Each time you ask ChatGPT a query, your request triggers an information relay race. Data leaves reminiscence, passes via a CPU for preprocessing, travels to a GPU for heavy computation, after which makes its manner again — and that total journey repeats for each single phrase the AI generates.
The bottleneck is structural — it means routing via among the most costly and power-intensive chips within the business on each single request. That inefficiency is precisely what XCENA, a startup with places of work in South Korea and the U.S., is making an attempt to unravel. The four-year-old startup has designed a chip that locations compute capabilities a lot nearer to DRAM — the quick, short-term reminiscence chips that retailer knowledge a processor is actively utilizing — permitting routine knowledge operations to be dealt with close to reminiscence, with out the expensive spherical journeys between CPUs, GPUs, and reminiscence.
If it really works at scale, the implications for AI infrastructure prices might be vital, which largely explains investor enthusiasm across the nation. Certainly, XCENA simply raised $135 million in a Sequence B at a valuation of $570 million, bringing its complete raised to $185 million.

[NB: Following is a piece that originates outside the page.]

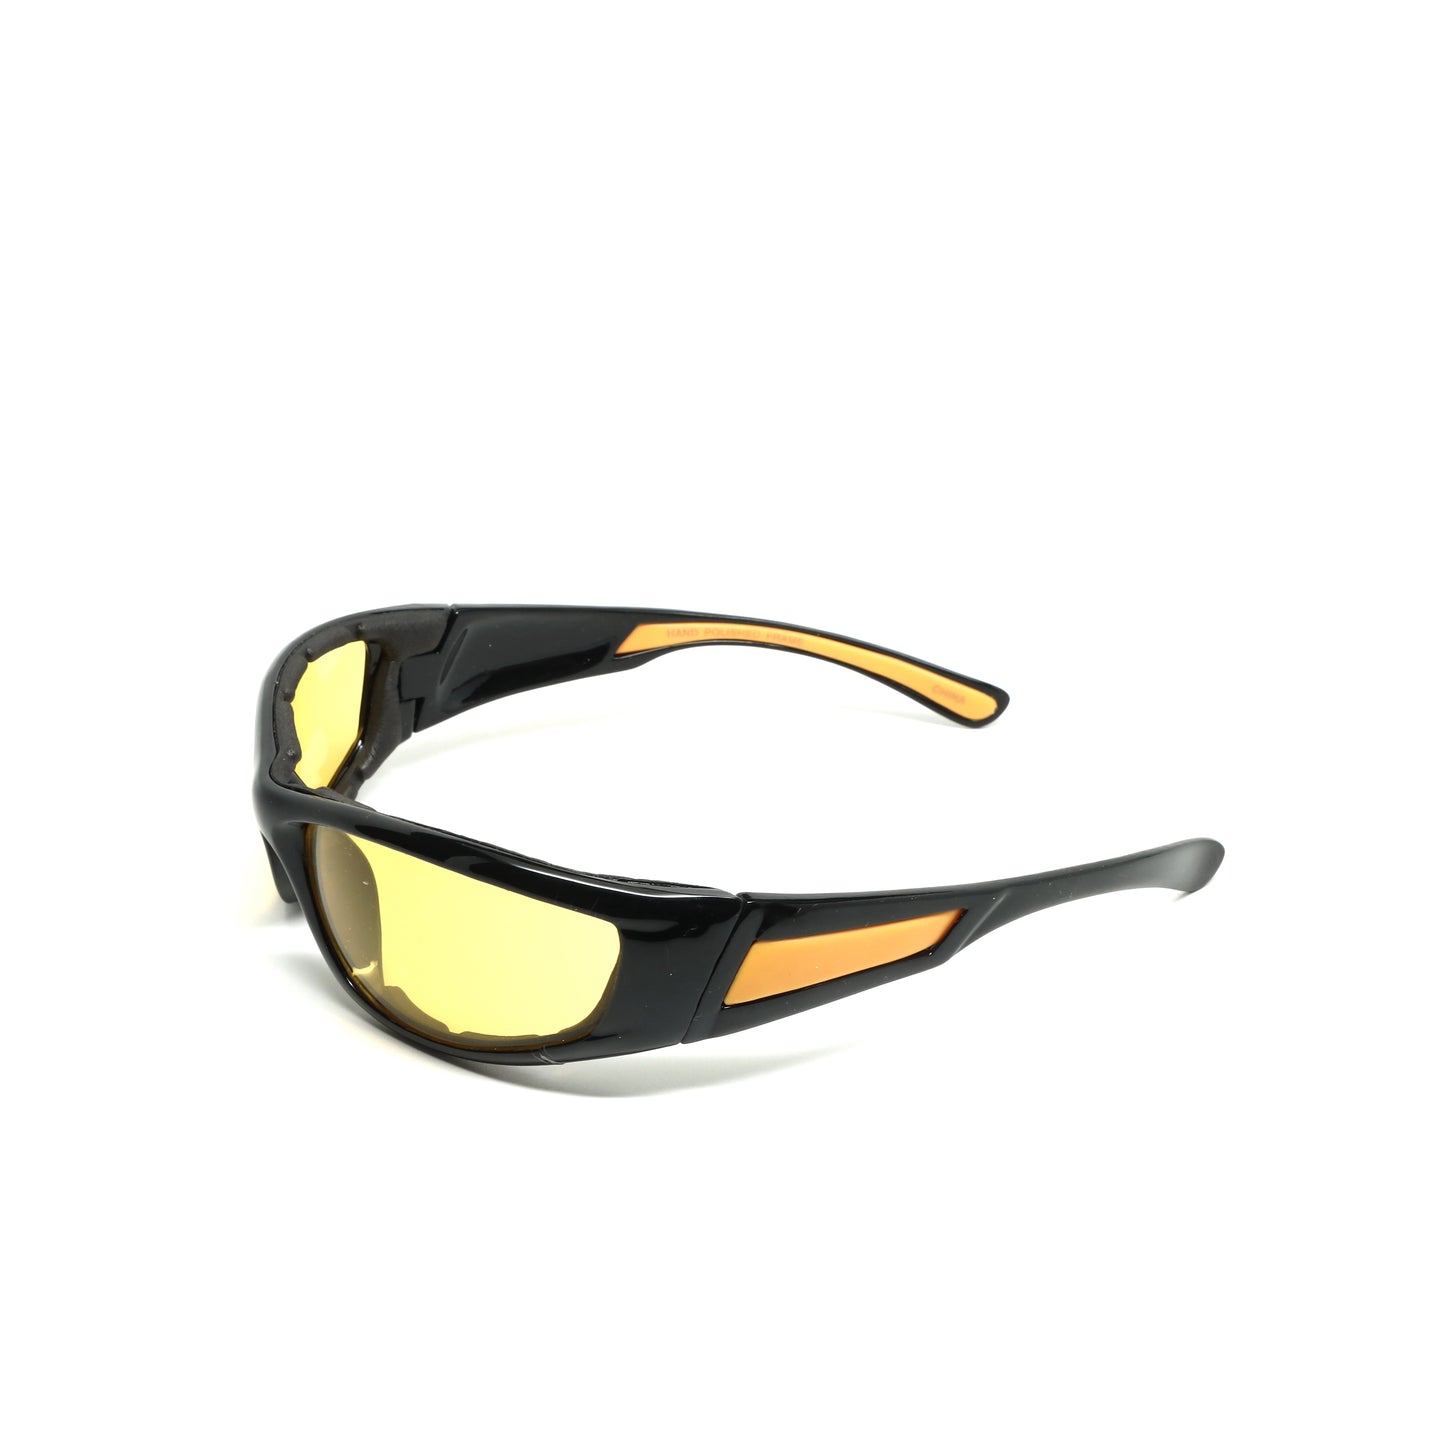 //Contender// Foam Lined Nightvision Oversized Visor Sunglasses - Yellow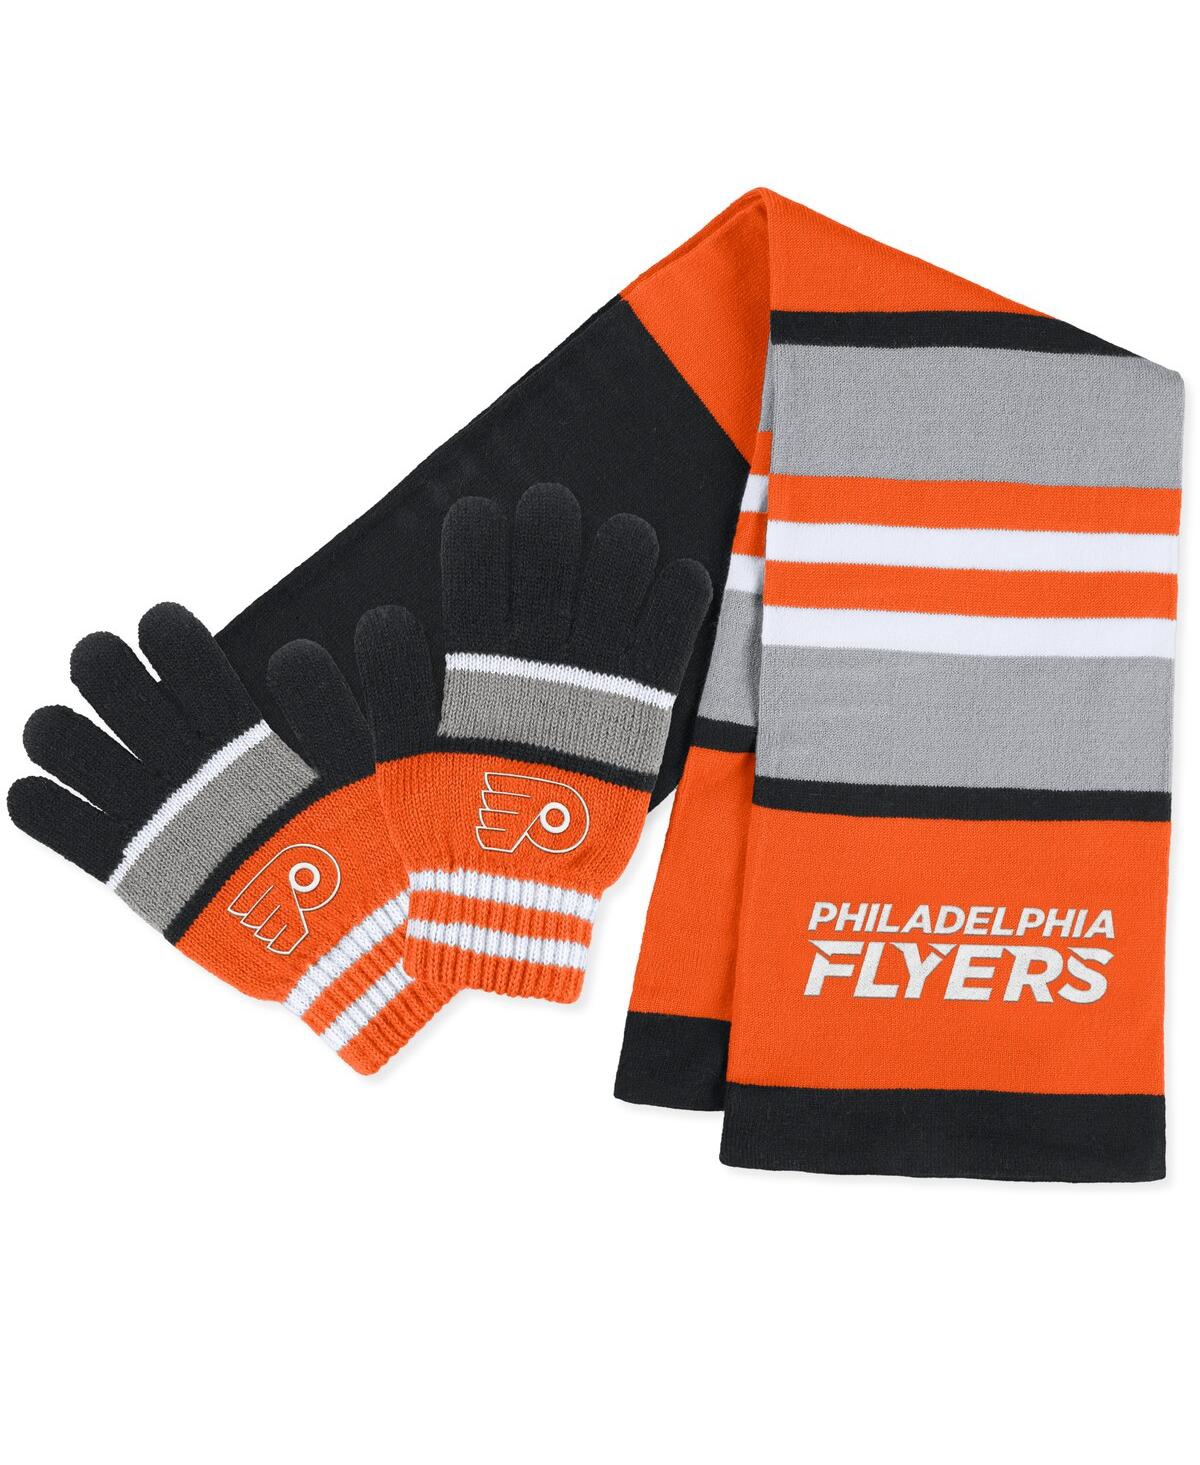 Women's Wear by Erin Andrews Philadelphia Flyers Stripe Glove and Scarf Set - Orange, Black

XCENA CEO Jin Kim co-founded the startup in 2022 alongside CTO Dohun Kim and CPO Harry Juhyun Kim, all veterans of Samsung and SK Hynix, the reminiscence giants that offer chips powering Nvidia’s GPUs. “CPUs and GPUs have each gotten smarter over the a long time. Reminiscence by no means did. XCENA needs to alter that,” Kim mentioned in an interview with TechCrunch. “The current rise in reminiscence costs and associated shares factors to a broader shift in AI infrastructure towards memory-centric architectures,” he added. (This month, the three corporations that dominate the worldwide reminiscence chip market — Samsung, SK Hynix, and Micron — every crossed a trillion-dollar valuation for the primary time.)
XCENA is betting its enterprise on the thesis that “inference isn’t only a compute downside; it’s more and more a reminiscence scaling downside,” mentioned Kim.
XCENA’s chip, the MX1, connects to the CPU via CXL (Compute Specific Hyperlink) — primarily a devoted specific lane between the processor and reminiscence — processing knowledge earlier than it ever wants to depart the reminiscence module. It brings compute to the information, not the opposite manner round. The corporate claims that what used to require 10 servers may probably run on only one.
“Whereas GPUs excel at matrix multiplication — the heavy math behind AI mannequin coaching — a lot of the encircling knowledge orchestration, together with preprocessing, KV cache administration [the system that stores prior conversation context so a model doesn’t have to reprocess it], and knowledge caching, nonetheless runs on CPUs. Our chip handles these duties immediately inside the reminiscence module itself,” Kim mentioned.
Demand for reminiscence options has surged for the reason that second half of final 12 months, and the corporate believes the timing is working in its favor.
Conversations with a number of international reminiscence distributors are in early phases, although Kim declined to call them. The corporate’s splendid prospects are hyperscalers spending tens of billions a 12 months on AI infrastructure, the place even a small achieve in reminiscence effectivity can imply a whole bunch of hundreds of thousands in financial savings.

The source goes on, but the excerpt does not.